Inasmuch as my first purpose in the repetition of white-black discrimination tests with a number of individuals was to obtain quantitative results which should accurately indicate individual, age, and sex differences in the rapidity of learning, it is important to consider the reliability of the averages with which we have been dealing. Possibly two groups of five male dancers each, chosen at random, would yield very different results in discrimination tests. This would almost certainly be true if the animals were selected from different lots, or were kept before and during the tests under different environmental conditions. But from my experiments it has become apparent that the average of the results given by five individuals of the same sex, age, and condition of health, when kept in the same environment and subjected to the same experimental tests, is sufficiently constant from group to group to warrant its use as an index of modifiability for the race. This expression, index of modifiability, is a convenient mode of designating the average number of tests necessary for the establishment of a perfect habit of white-black discrimination. Hereafter I shall use it instead of a more lengthy descriptive phrase.

As an indication of the degree of accuracy of measurements of the rapidity of learning which are obtained by the use of 5 individuals I may offer the following figures. For one of two directly comparable groups of 5 male dancers which were chosen from 16 individuals which had been trained, the number of tests which resulted in a perfect habit of white-black discrimination was 92; for the other group it was 96. These indices for strictly comparable groups of 5 individuals each differ from one another by less than 5 per cent. Similarly, in the case of two groups of females, the indices of modifiability were 94 and 104. These figures designate the number of tests up to the point at which errors ceased for at least three successive series (30 tests).

The determination of the probable error of the index of modifiability further aids us in judging of the reliability of the measure of the rapidity of learning which is obtained by averaging the results for 5 individuals. For a group of 5 males (Table 43, p. 243) the index was 72 ± 3.5; and for a group of 5 females of the same age as the males and strictly comparable with respect to conditions of white-black training, it was 104 ± 2.9. A probable error of ± 3.5 indicates the reliability of the first of these indices of modifiability; one of ± 2.9, that of the second.

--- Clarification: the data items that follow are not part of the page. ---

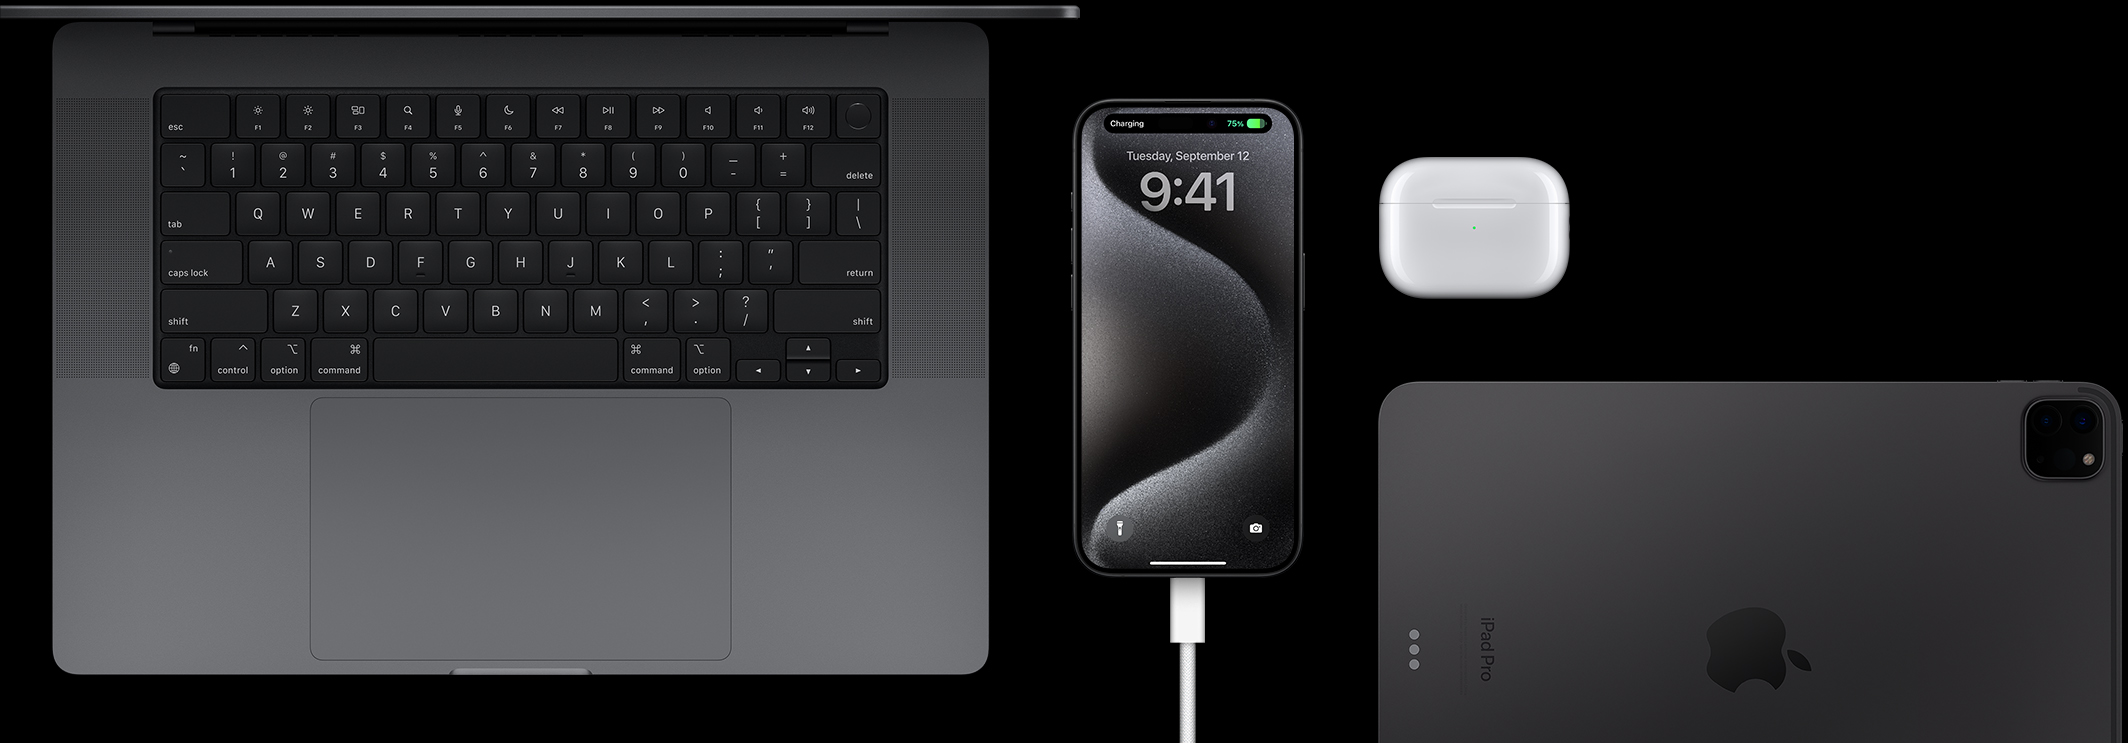 iPhone 15 Pro s připojeným USB-C kabelem, vedle kterého je Macbook Pro, AirPody Pro a iPad
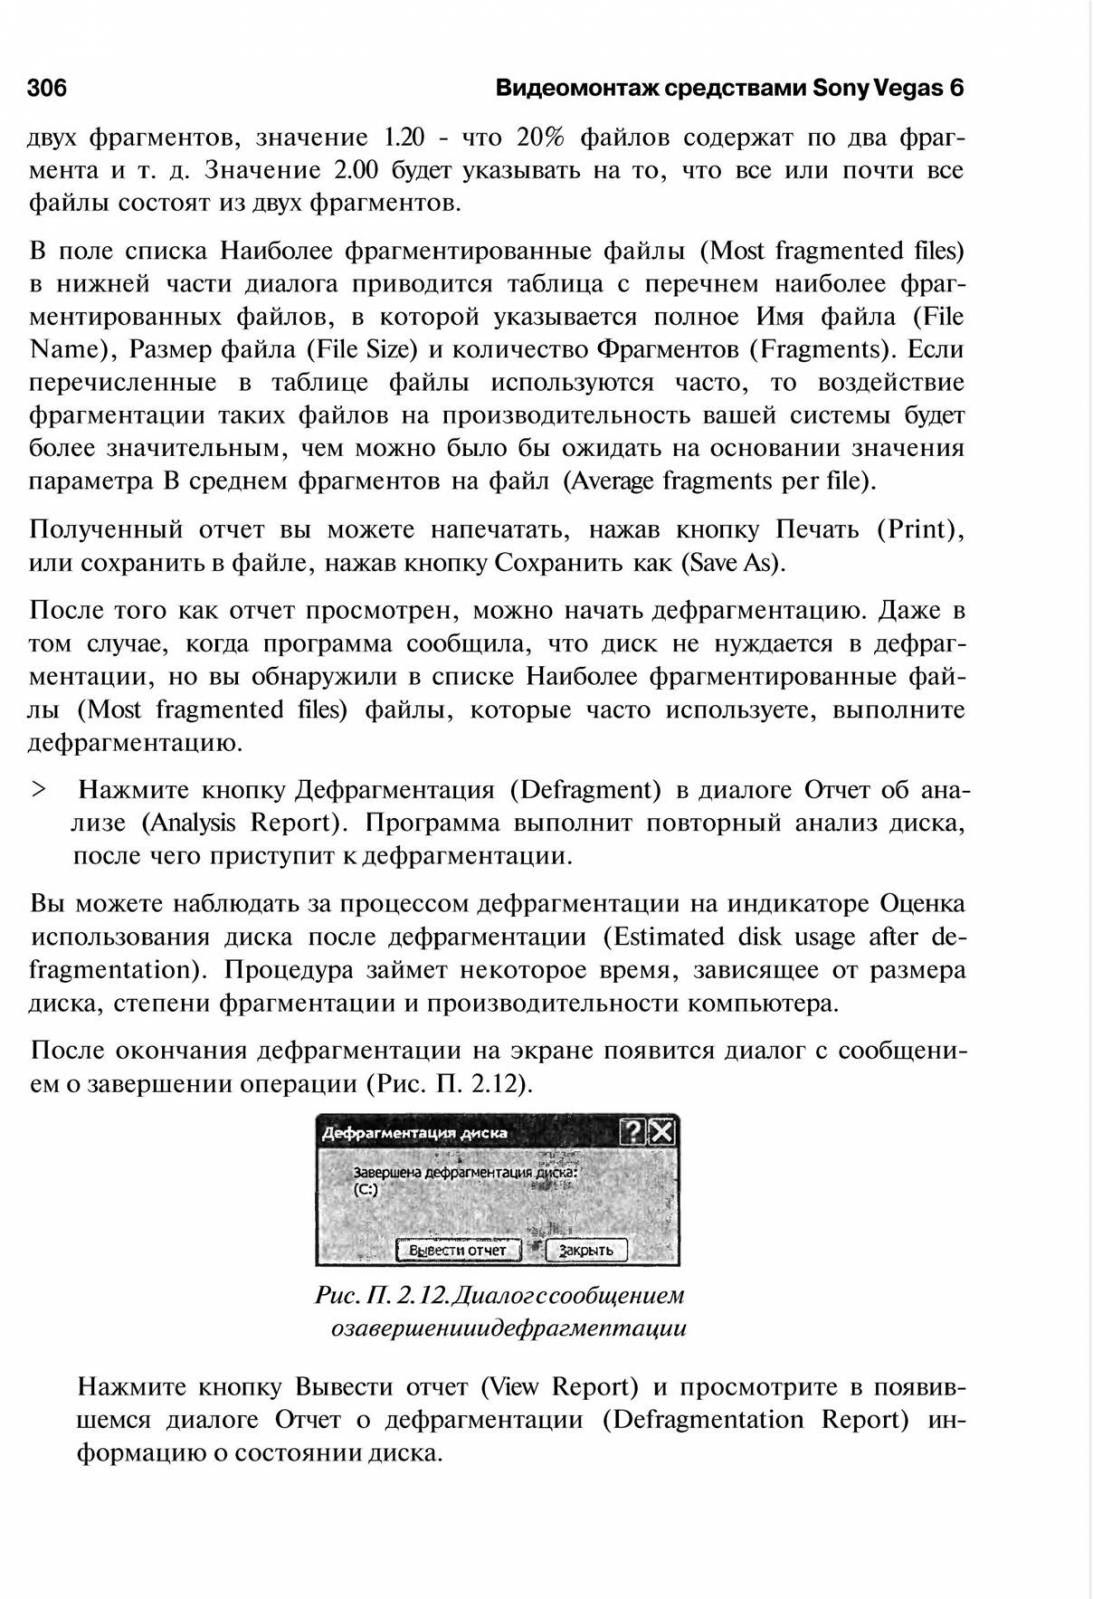 http://redaktori-uroki.3dn.ru/_ph/14/27010175.jpg
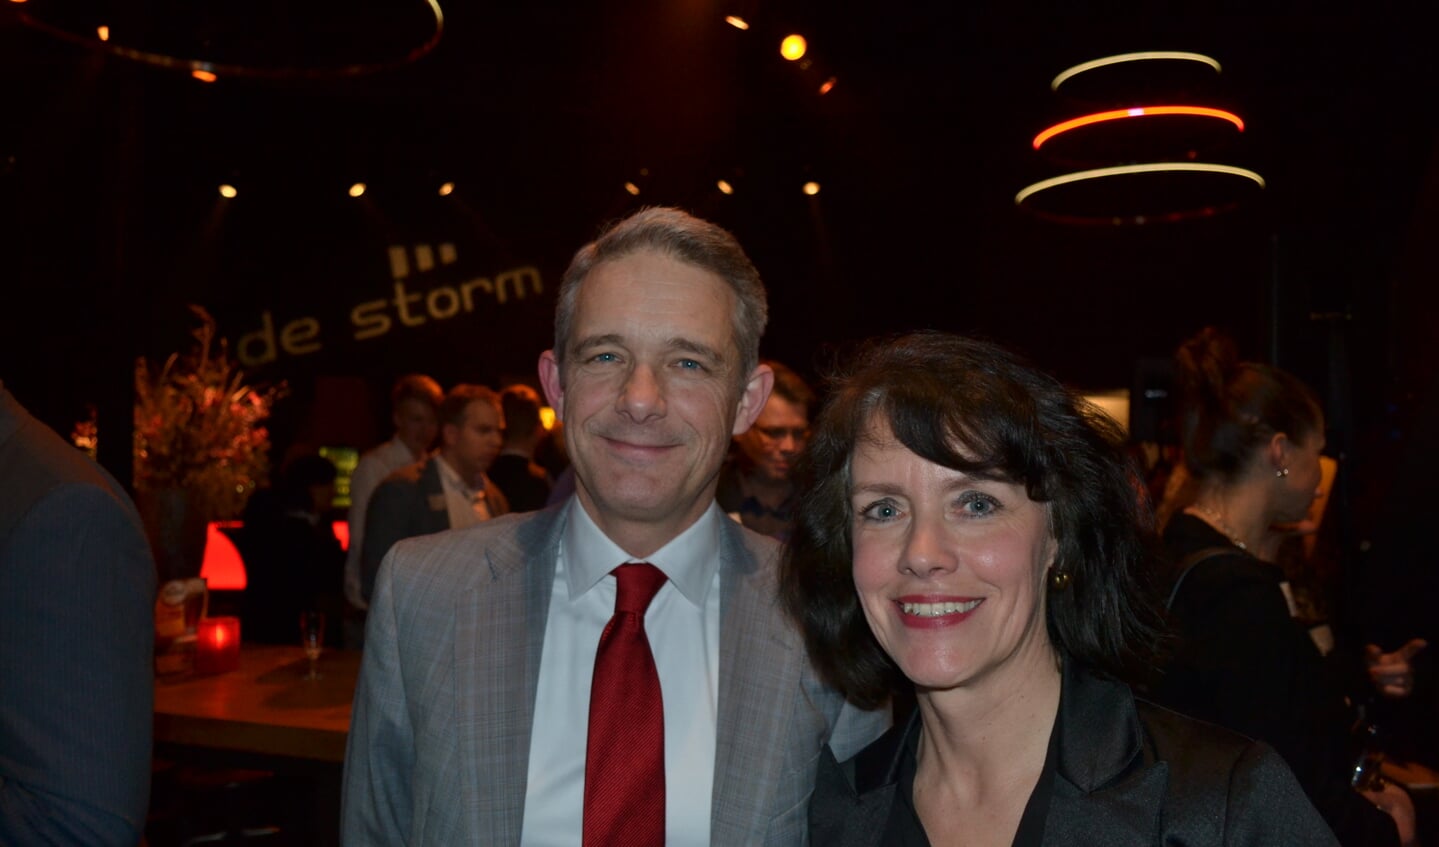 VNO-NCW-voorzitter Peter Rikken en regiomanager Wilma Elbertsen tijdens de netwerkborrel in De Storm. Foto: Leander Grooten
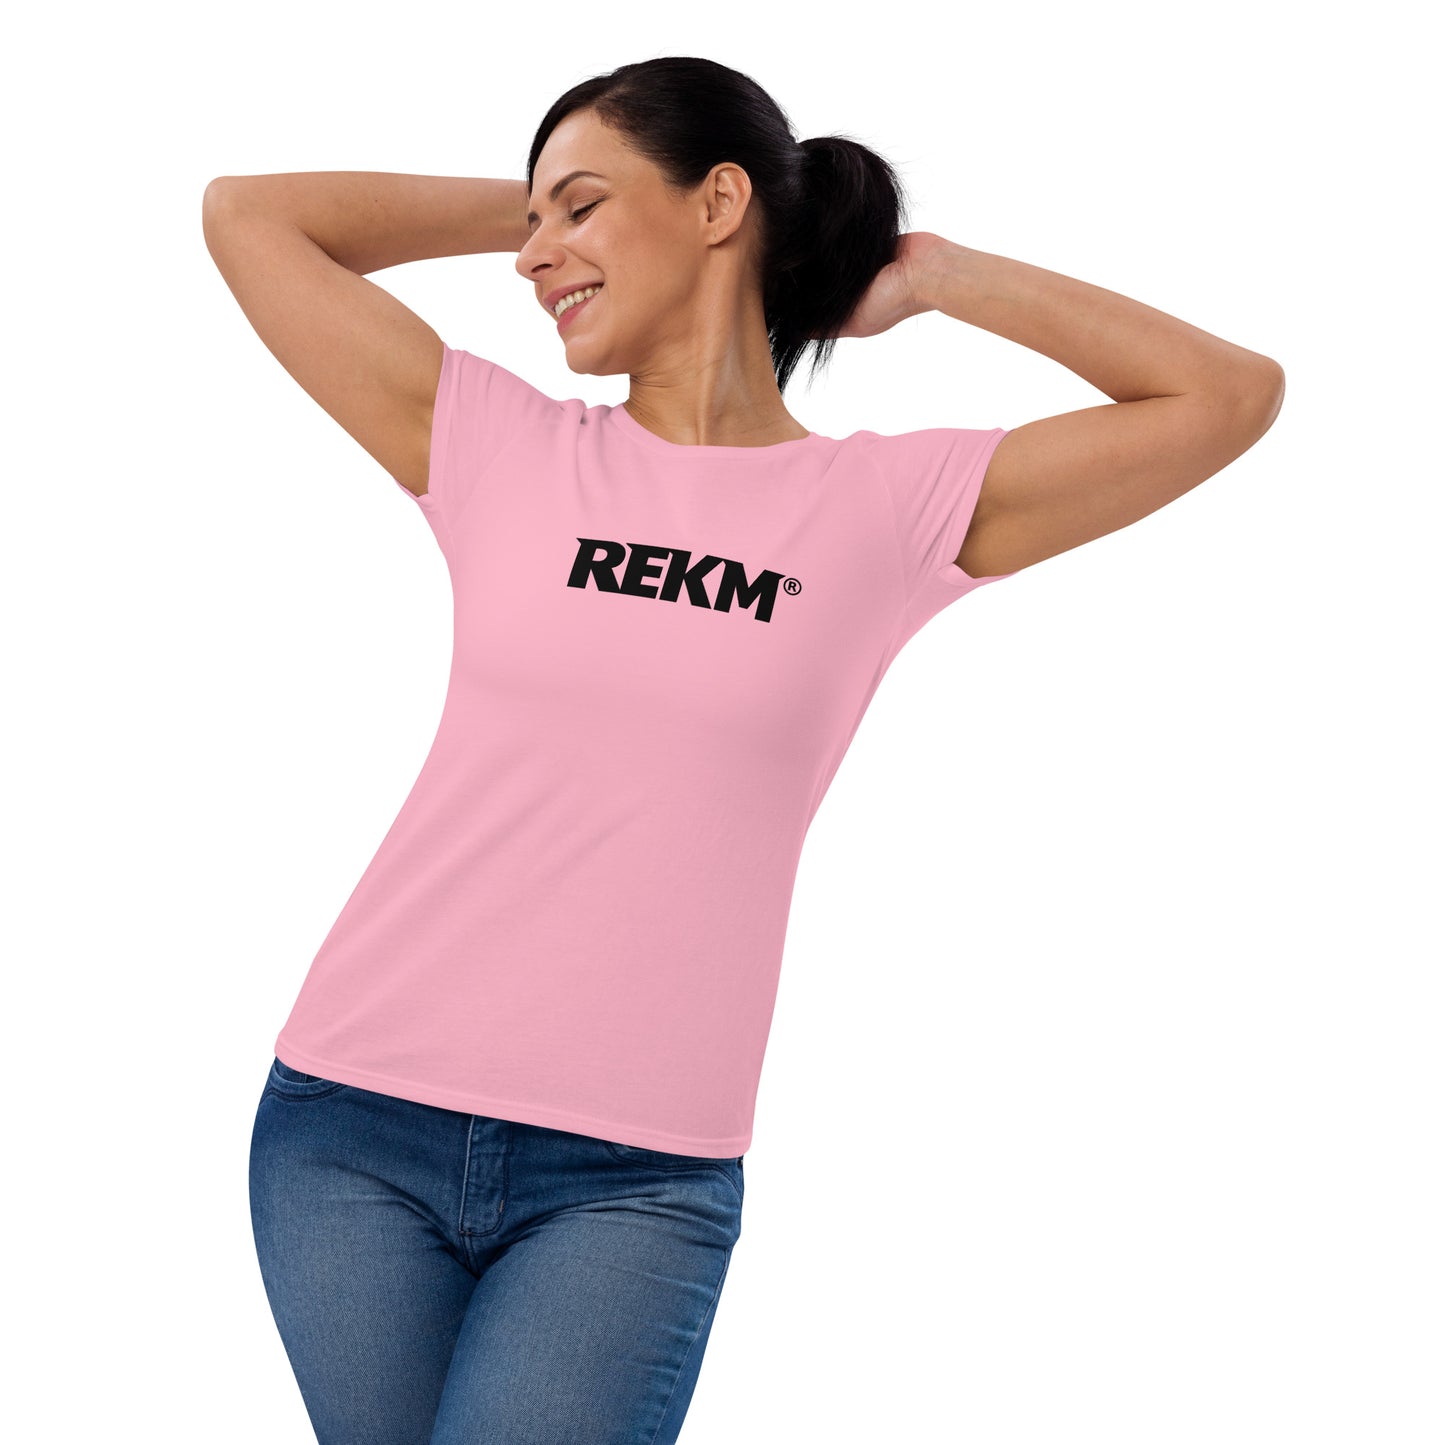 Basic REKM Women's short sleeve t-shirt
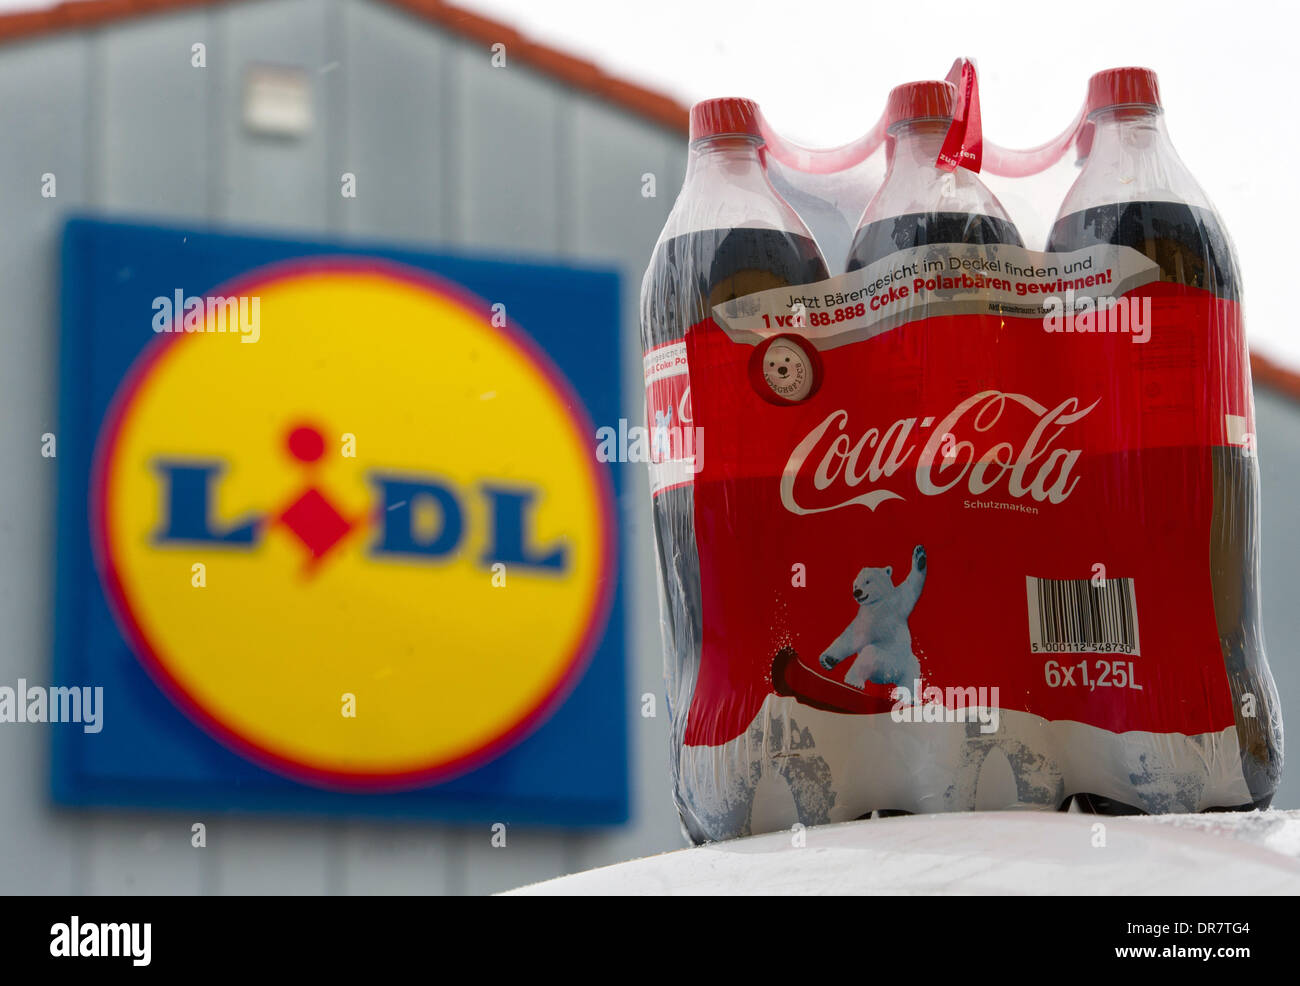 (Illustrazione) Coca Cola bottiglie sono raffigurate nella parte anteriore di un negozio della catena di supermercati Lidl in Beeskow, Germania, 21 gennaio 2014. Lidl ha smesso di vendere prodotti della coca-cola brand. Il portavoce della società di bevande ha confermato la notizia. Foto: Patrick Pleul/dpa Foto Stock

I do not doubt that 10 individuals would furnish a more reliable average than 5, but I do doubt whether the purposes of my experiments would have justified the great increase in work which the use of averages based upon so large a group would have necessitated.

Further discussion of the index of modifiability may be postponed until the several indices which serve as measures of the efficiency of different methods of training have been presented in the next chapter.

From the data which constitute the materials of the present chapter it is apparent that the results of the discrimination method are amenable to much more accurate quantitative treatment than are those of the problem method or the labyrinth method. But I have done little more as yet than describe the method by which it is possible to measure certain dimensions of the intelligence of the dancer, and to state some general results of its application. In the remaining chapters it will be our task to discover the value of this method and of the results which it has yielded.